Конвейер
Шрифт:
— Я люблю. — Томка вытащила из мыльной пены Митину рубашку. — Любовь проверяется только на этом — приятно или тошно стирать мужское белье.
— Все-то ты знаешь…
— Это мне Марина сказала. Мне трудно, но приятно стирать его обноски. Кроме рубашки, у него все рваное и несчастное, и я за это его еще больше люблю.
Он уезжал в полдень. Это была суббота, и я к одиннадцати утра побежала в универмаг. Мой план созрел ночью. Я долго не могла уснуть. И в своем бессонье вдруг наткнулась на счастливую мысль — завтра куплю Мите свитер. Теплый, дорогой, самый
Я нашла такой свитер в комиссионке. Он висел на плечиках, большой, мягкий и тяжеловатый, из настоящей шерсти с настоящей, без скидки ценой. Он был новый, теплого коричневого цвета, заграничная ленточка с маркой фирмы блистала первозданной чистотой.

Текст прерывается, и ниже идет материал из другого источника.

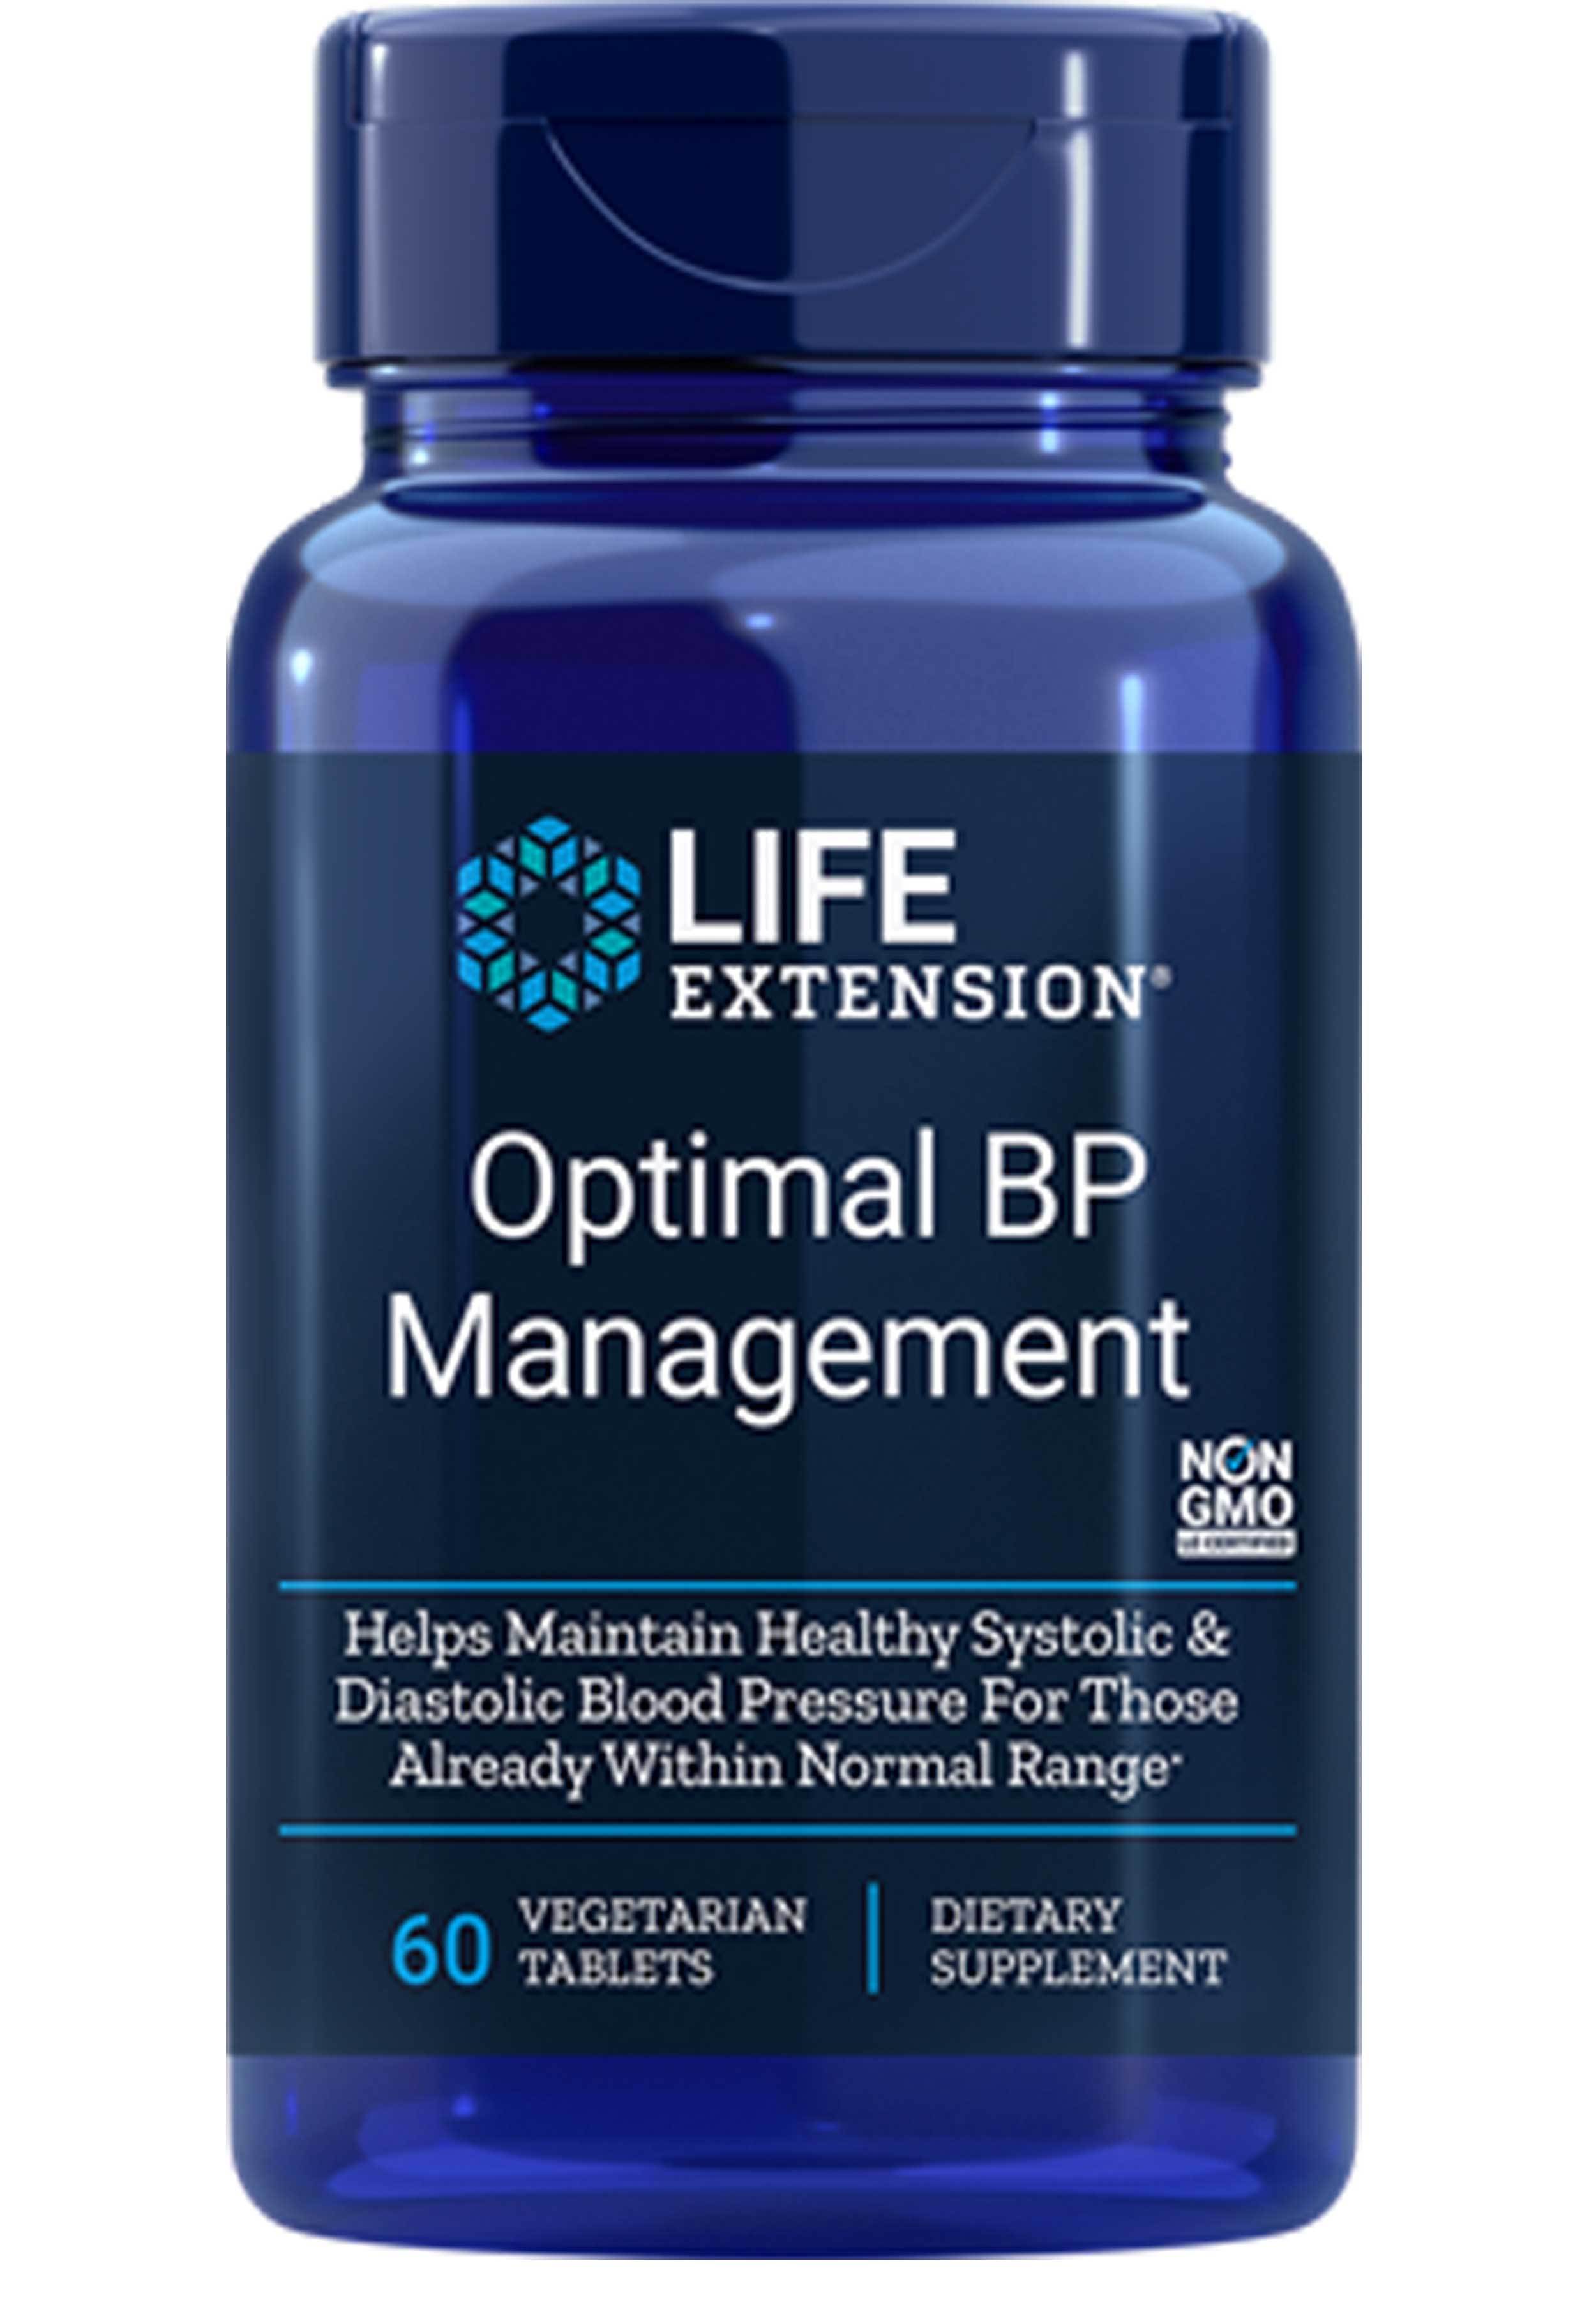 Life Extension Natural BP Management

Прежде чем обрадовать Митю, я позвала к себе в комнату Томку и развязала сверток. Томка обманула мои ожидания. Вместо того чтобы вскрикнуть и наброситься на меня с благодарными объятиями, она оттопырила нижнюю губу и сказала с обидой:
— Он зачучкает его в один день.
— Пусть чучкает, — рассердилась я. — Хорошая вещь тем и хороша, что, как бы ее ни чучкали, достоинства ее не пропадают.
— Ты становишься непохожей на себя, — Томка глядела на свитер, и я уловила в ее взгляде зависть, — мне ты ничего такого не дарила.

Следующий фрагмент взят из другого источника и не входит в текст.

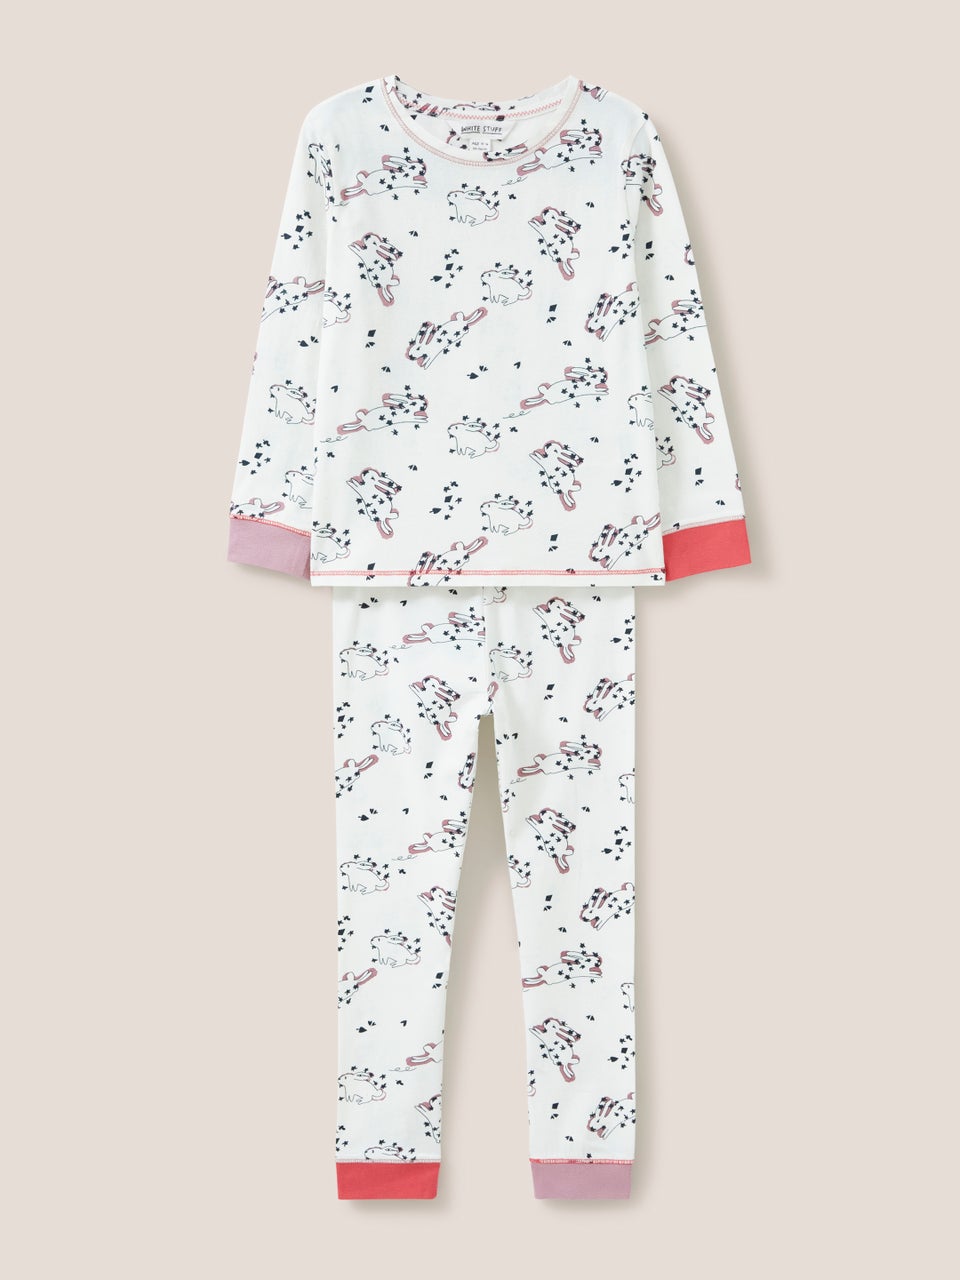 Pyjama-Set mit Hasen-Print

Вот оно в чем дело… Стыдно.
— Какая же ты все-таки эгоистка.
Томка дала задний ход.
— Митя! — позвала она. — Иди сюда. Закрой глаза и открой рот.

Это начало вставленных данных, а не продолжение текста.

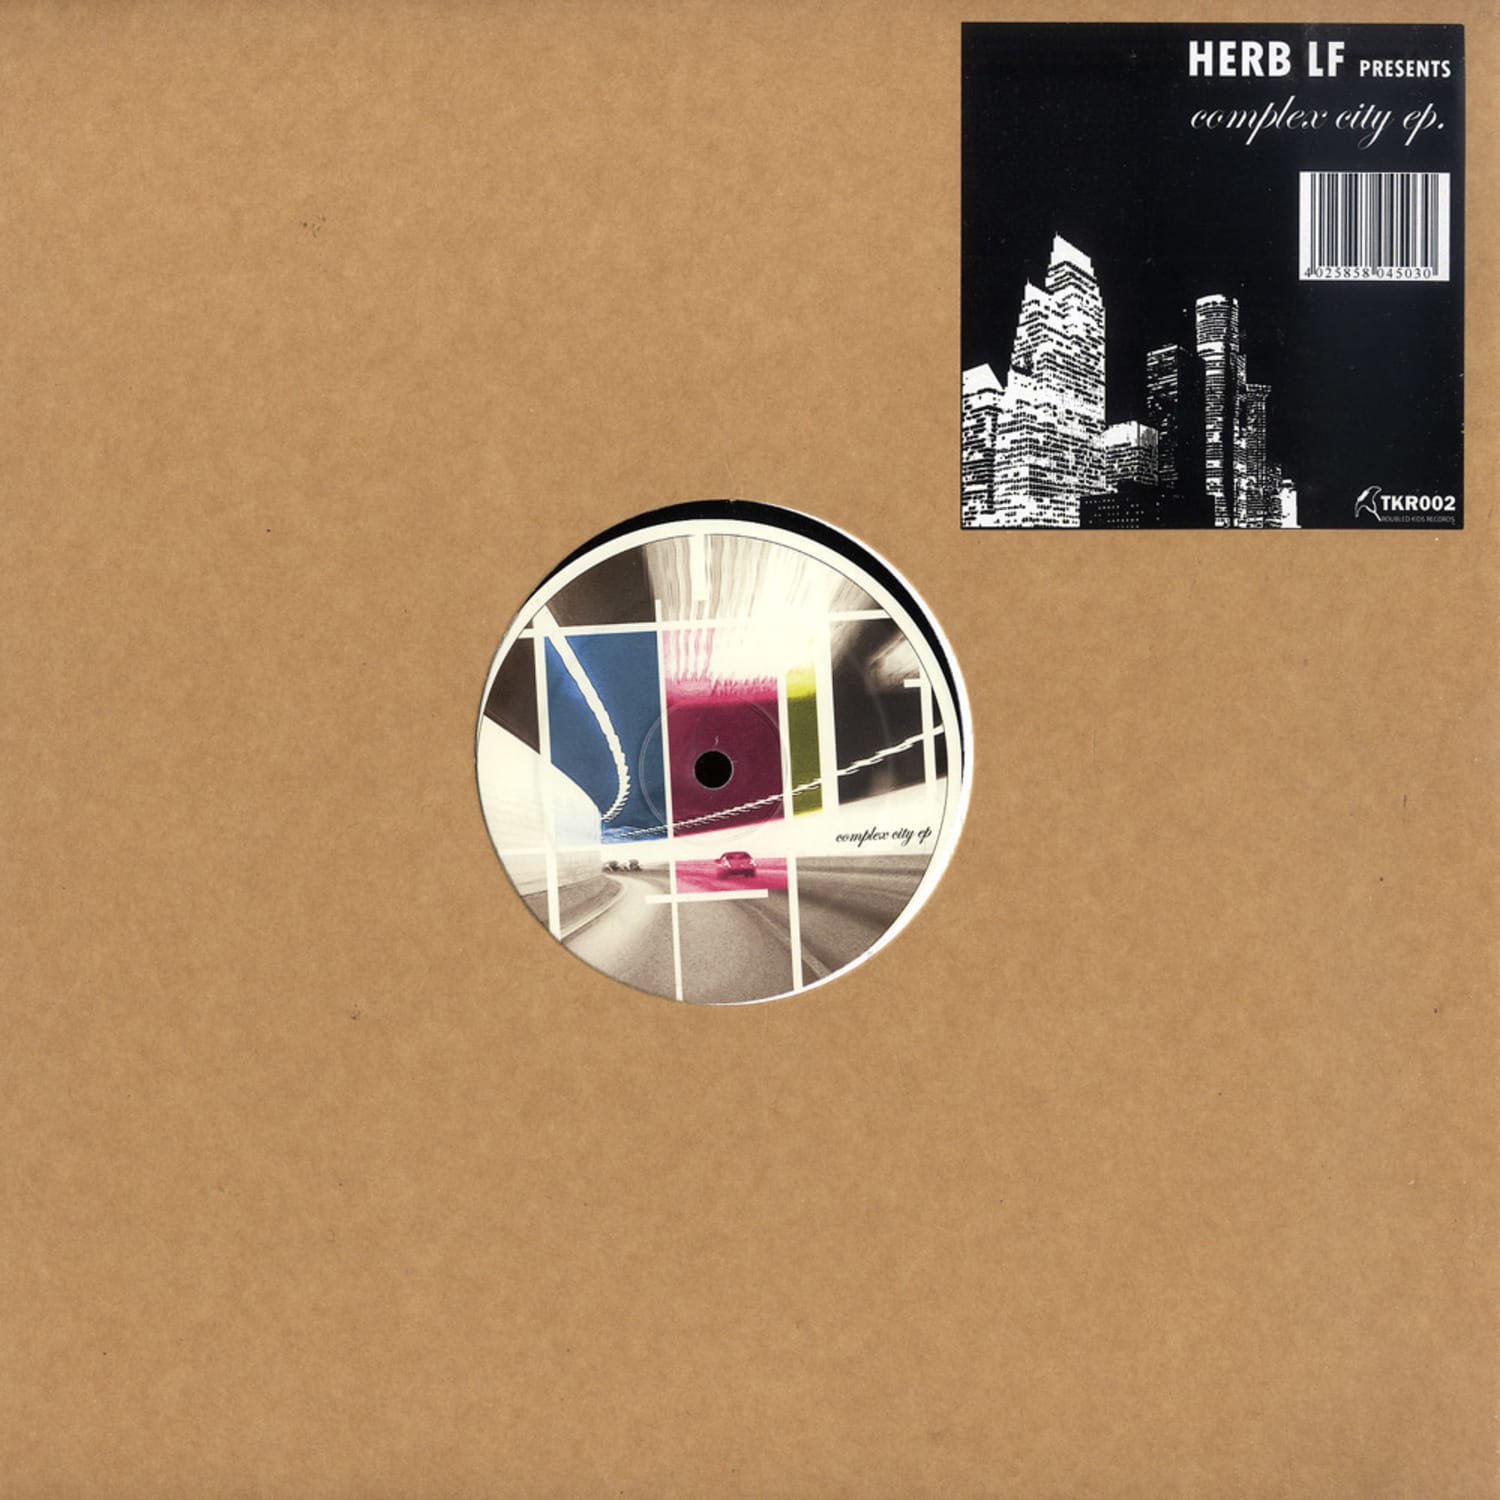 Herb LF - COMPLEX CITY EP

Он вошел и, насмешив меня, послушно закрыл глаза и открыл рот. Томка развернула на себе свитер, он был ей, как платье, до колен.
— Теперь открой глаза и закрой рот.
Митя открыл глаза, посмотрел на Томку, на меня, свитер он не видел. Я взяла у Томки подарок, протянула ему:
— Это вам, Митя. Носите на здоровье.
Он не шевельнулся, руки висели. Я увидела, как он краснеет — два алых пятна на шее, потом еще одно на левой щеке. Он втянул в себя воздух и тяжело выдохнул ртом:
— Я не могу это взять.
— Почему? — спросила Томка.
— Не знаю, — ответил он.
Он не знал. Не знал, и все тут. А я должна была выкручиваться, изобретать, как не ранить его и собственное самолюбие.
— Ну ж, Митя… Я хотела как лучше. Но если у вас какой-то свой принцип, тогда извините…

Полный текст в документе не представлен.